## [Source material]
########

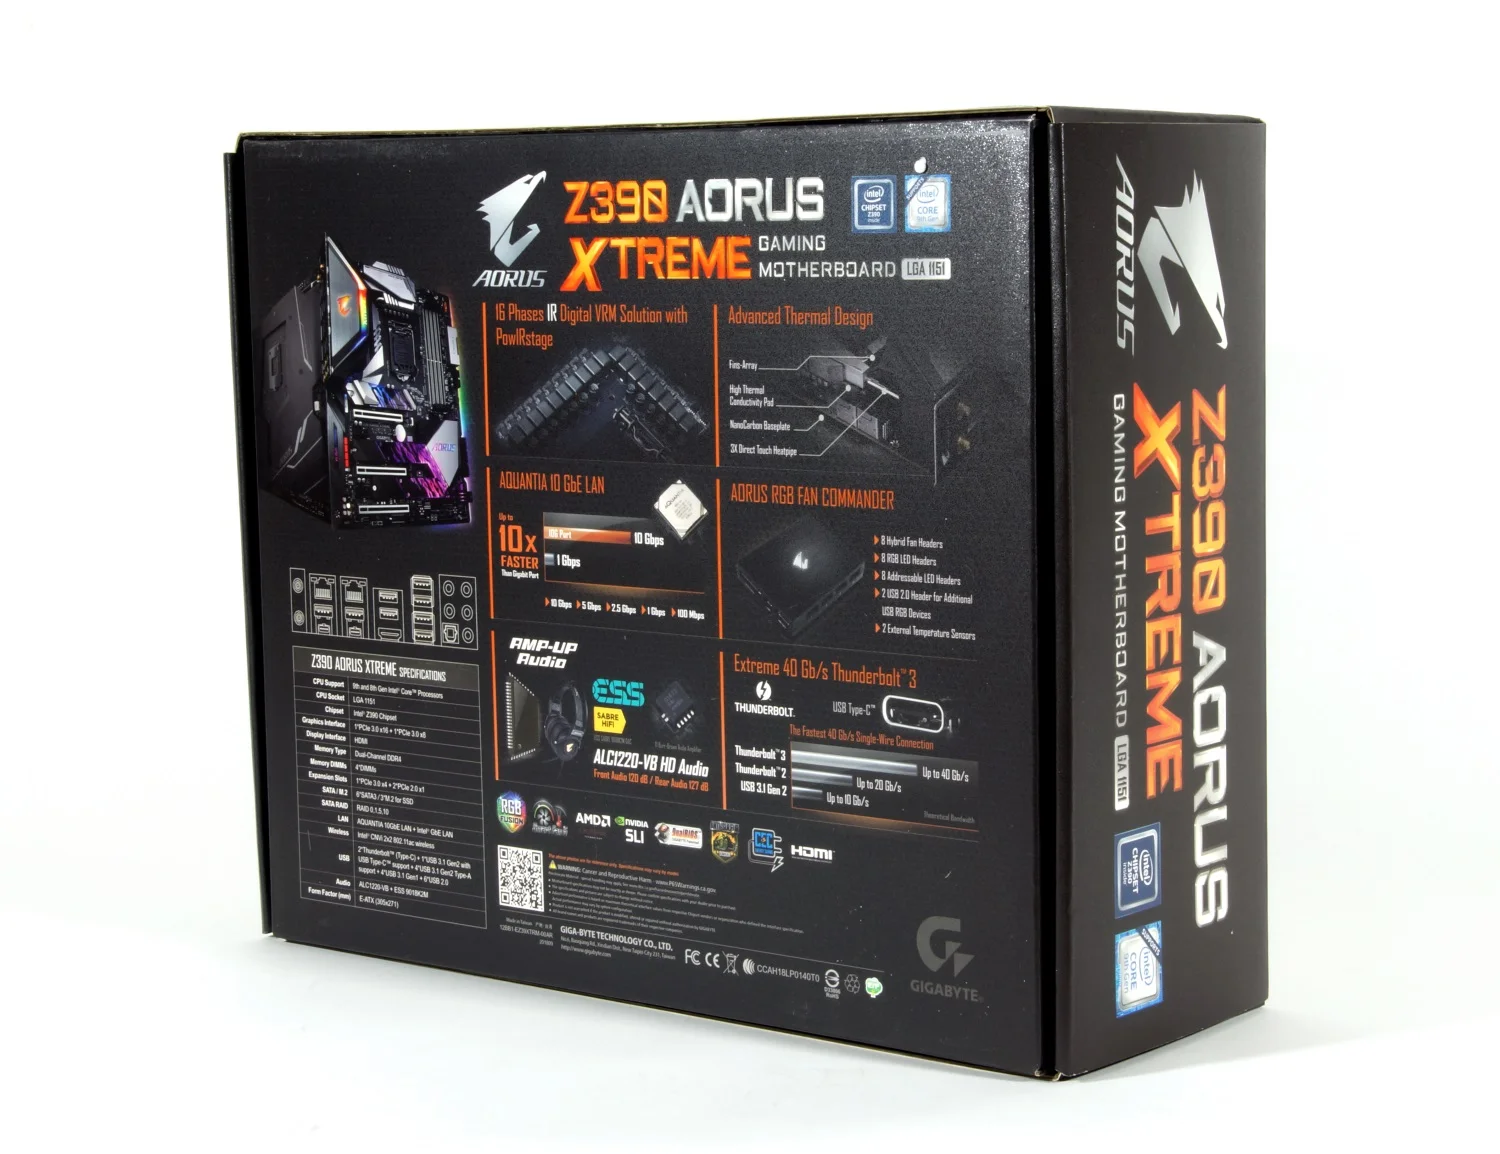 Тестируем видеокарту GeForce RTX 2080 Ti AORUS Xtreme и материнскую плату GIGABYTE Z390 AORUS Xtreme - фото 2
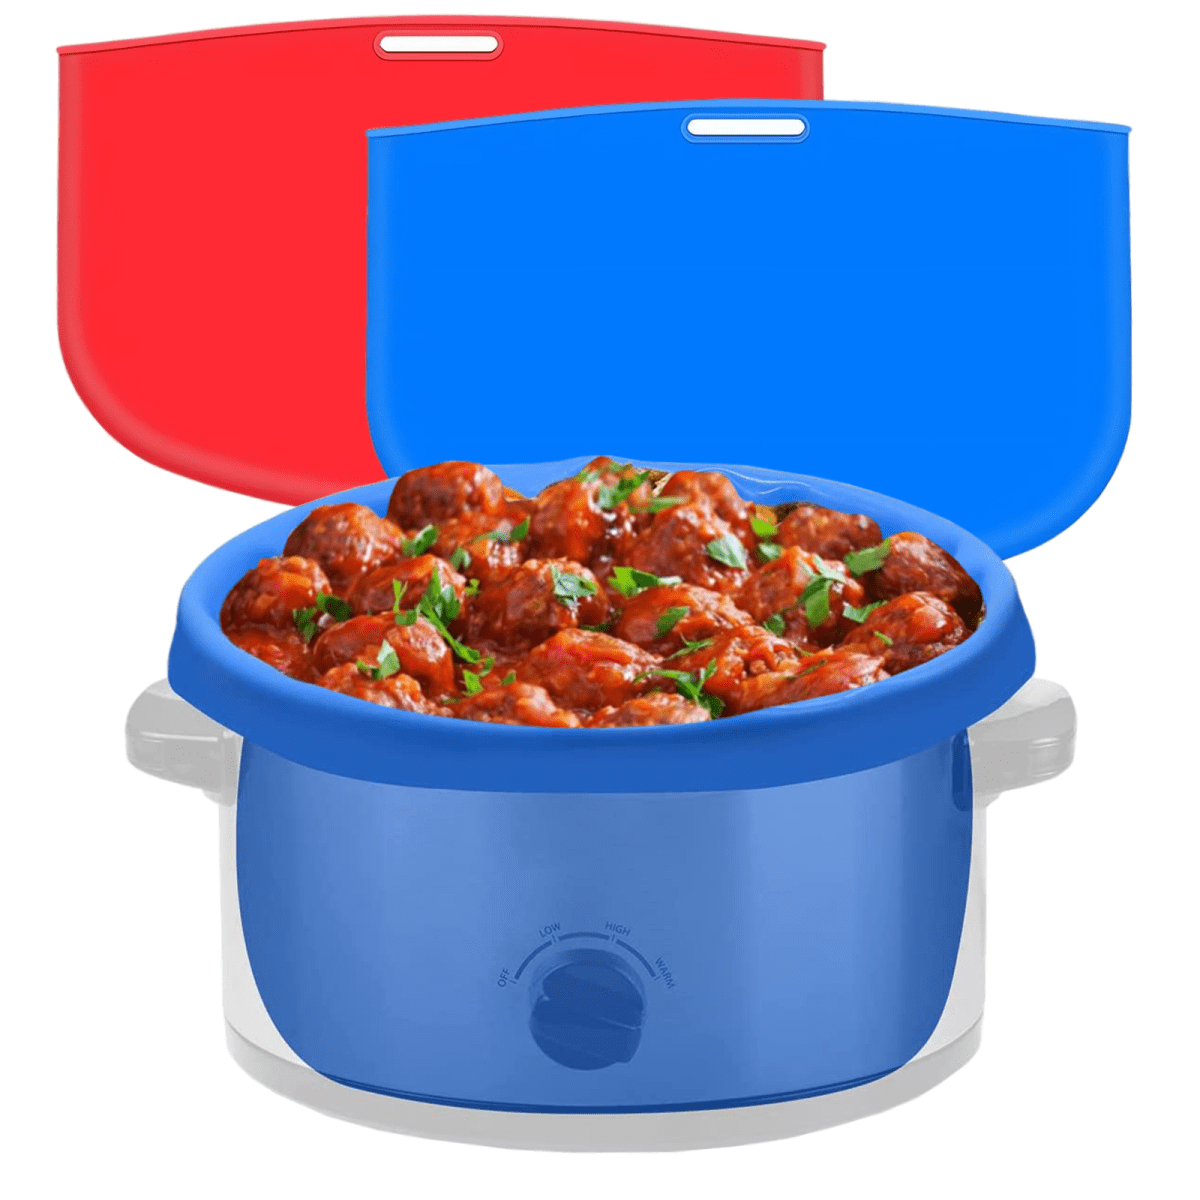 Haldane 2 Pack Slow Cooker Liners - Reusable Crock Pot Divider, Safe Silicone Cooking Bags Fit 7-8 Quarts Oval or Round Pot (Fit 8 qt Red+Blue)
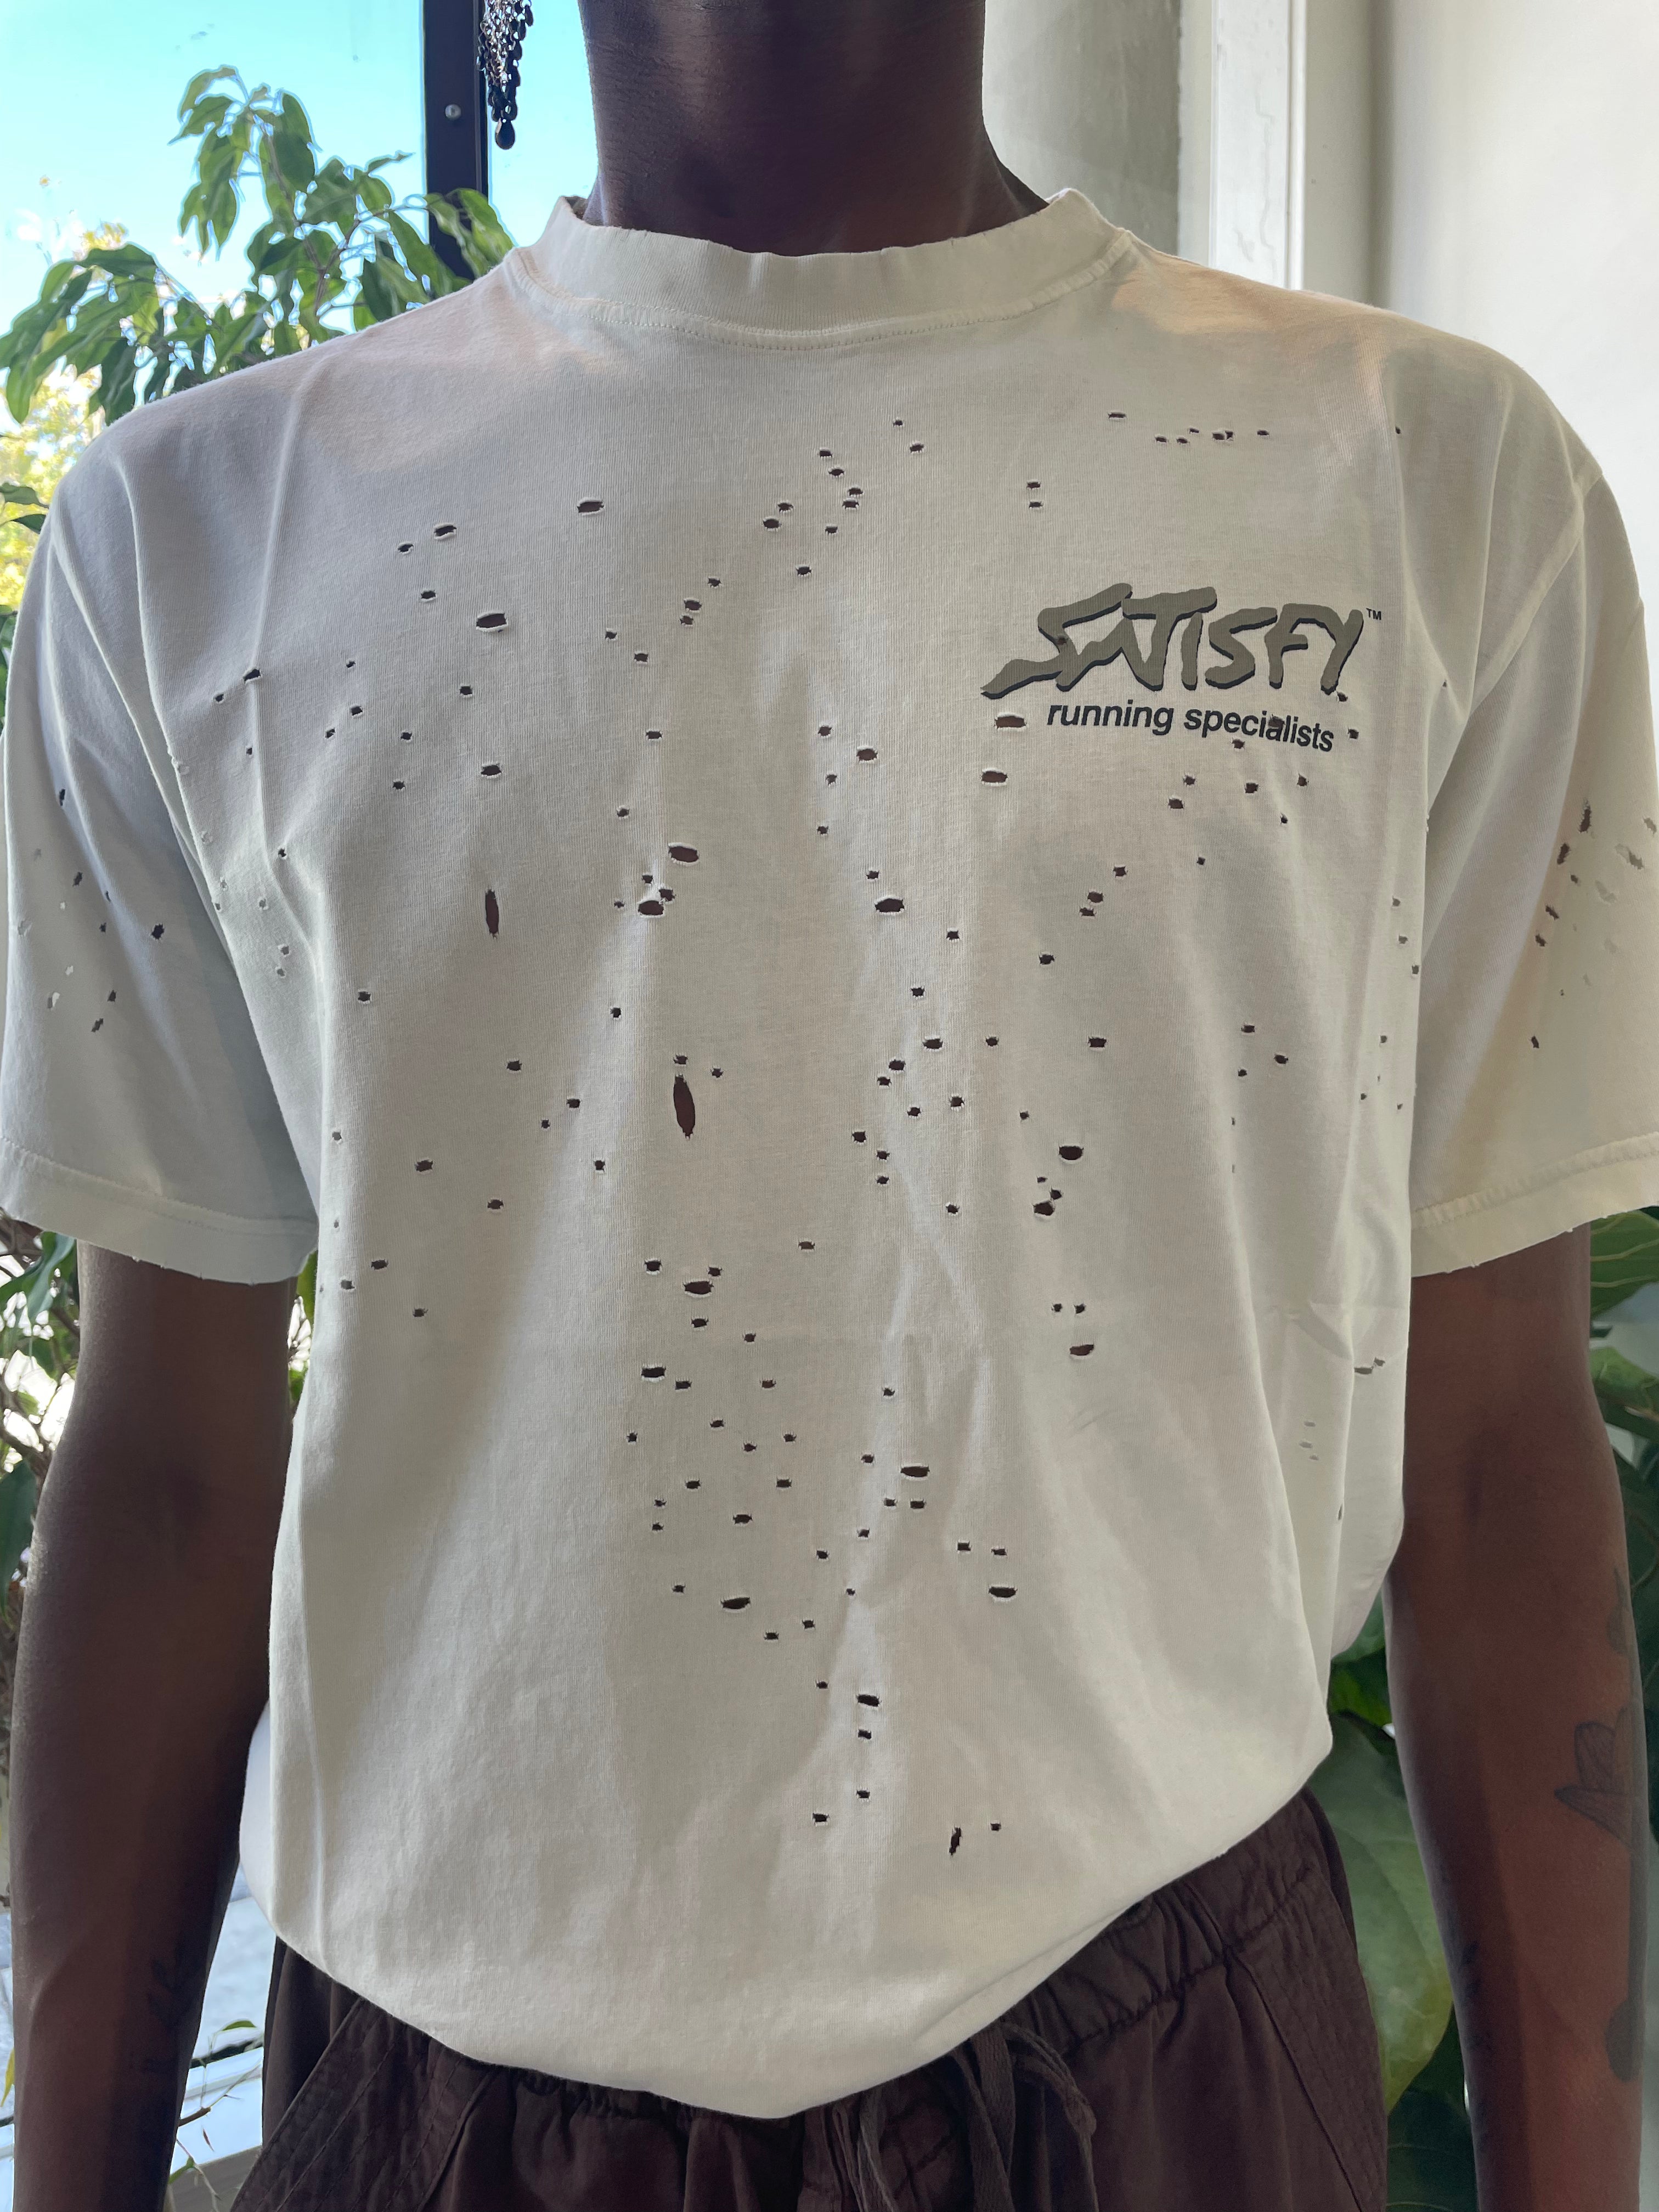 Satisfy MothTech™ T‑Shirt

########

Copy out all the data without changing anything, and drop the pictures.

 Тестируем видеокарту GeForce RTX 2080 Ti AORUS Xtreme и материнскую плату GIGABYTE Z390 AORUS Xtreme - фото 2
 Haldane 2 Pack Slow Cooker Liners - Reusable Crock Pot Divider, Safe Silicone Cooking Bags Fit 7-8 Quarts Oval or Round Pot (Fit 8 qt Red+Blue)
 Satisfy MothTech™ T‑Shirt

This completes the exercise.